Banks Risk Slowing the Emerging Middle Market Firms Driving Growth
Emerging mid-market growth is getting brake-checked, but not just by internal systems. Increasingly, it’s the financial infrastructure and product offerings supporting them.
Findings in a new report, “The Emerging Middle Market: When Operational Complexity Grows Faster Than Financial Infrastructure,” a collaboration between PYMNTS Intelligence and i2c, show that 46% of high-growth mid-market firms surveyed report frequently missing opportunities because available credit is too slow, too rigid or simply misaligned with their needs.
Businesses generating between $10 million and $50 million in annual revenue increasingly find themselves stranded between two worlds. They have outgrown entry-level banking products, basic accounting tools and single-provider payment stacks. But they remain too small, or too early in their profitability trajectory, to justify enterprise-grade treasury systems or bespoke financial relationships. The financial infrastructure around them hasn’t evolved at the same pace.
The result is a widening gap between what these companies need and what financial institutions are equipped to deliver.
This reality is forcing even the fastest-growing companies to manage cash on spreadsheets, defer investment and navigate fragmented payment and credit systems.
The Fastest-Growing Companies Have the Least Financial Visibility
One of the clearest manifestations of this gap is in cash visibility. The report data shows that firms growing at the fastest rates — those expanding at 20% annually or more — are also the most likely to experience frequent cash-flow disruptions.
For many, these disruptions occur weekly or even daily, at rates several times higher than slower-growing peers. This is not simply a function of size; smaller firms with steady growth profiles often report fewer issues. Instead, liquidity stress correlates directly with the pace of expansion.
The reason? The data shows that, even as these businesses expand rapidly, the financial infrastructure supporting them hasn’t kept pace, leaving them without integrated, real-time visibility across payments, accounting and liquidity.
In effect, the very firms driving economic momentum are doing so with the least financial control, not because they lack sophistication, but because the systems around them haven’t evolved to match their speed.
And if visibility is one side of the problem, credit is the other. On paper, most emerging middle-market firms report adequate or even more-than-sufficient access to credit.
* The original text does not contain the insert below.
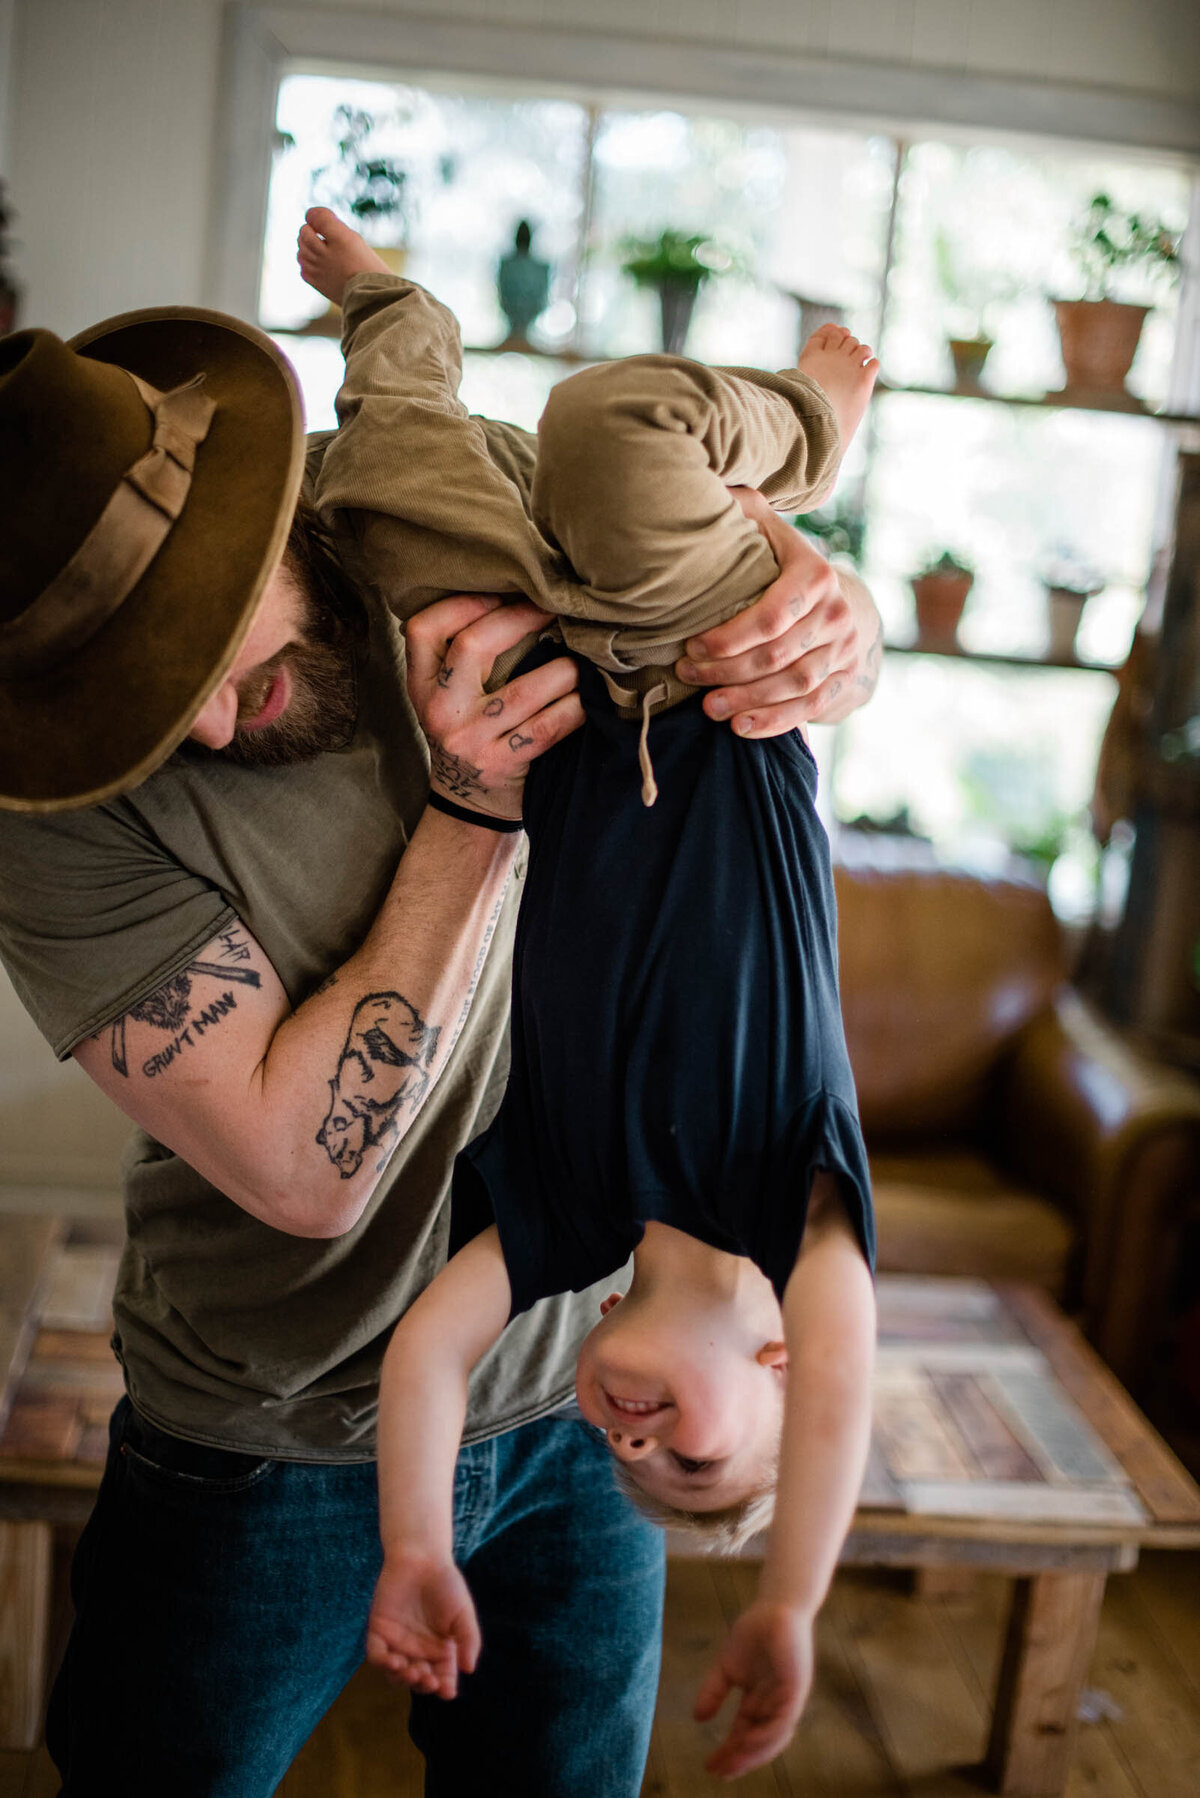 Father holds son upside down in their living room

But this headline metric obscures a deeper disconnect.
The Problem in Credit Deployment
Among the fastest-growing firms, nearly half say they frequently miss opportunities due to insufficient financing — not because credit isn’t available, but because the products offered are too slow, too rigid or too disconnected from real-time business needs.
For companies scaling rapidly, traditional underwriting metrics often fail to capture future potential or current demand. As a result, credit facilities tend to be too slow to approve, too rigid to adjust and too limited to support real-time decision-making.
Read the report: The Emerging Middle Market: When Operational Complexity Grows Faster Than Financial Infrastructure
But if the scale of the gap is significant, so too is the opportunity for financial institutions willing to evolve their infrastructure and product offerings. As more companies enter the emerging middle market, demand is shifting toward integrated, real-time financial infrastructure that aligns more closely with how these businesses operate.
For example, systems that link payment data with accounting records and credit availability can allow a company to instantly assess its capacity to take on a new project or expand inventory. At the same time, automated reconciliation can reduce the labor hours spent on manual processes, freeing finance teams to focus on analysis and planning. Simultaneously, dynamic credit solutions informed by real-time data can provide more flexible and responsive funding options.
After all, if the problem is fragmentation and latency, the solution is integration and immediacy. The next generation of financial infrastructure must provide a unified view of payments, accounting and liquidity, one that is updated in real time and accessible across the organization.
For financial institutions, the implication is clear:
- Client growth is accelerating — but financial infrastructure and product offerings are not keeping pace.
- Closing that gap is not just a technology challenge — it’s a strategic opportunity to better serve one of the fastest-growing and most underserved segments in the market.
For the companies themselves, the stakes are high. In a competitive landscape where speed and agility are paramount, the ability to see, decide and act in real time may be the difference between leading the market and watching opportunities pass by.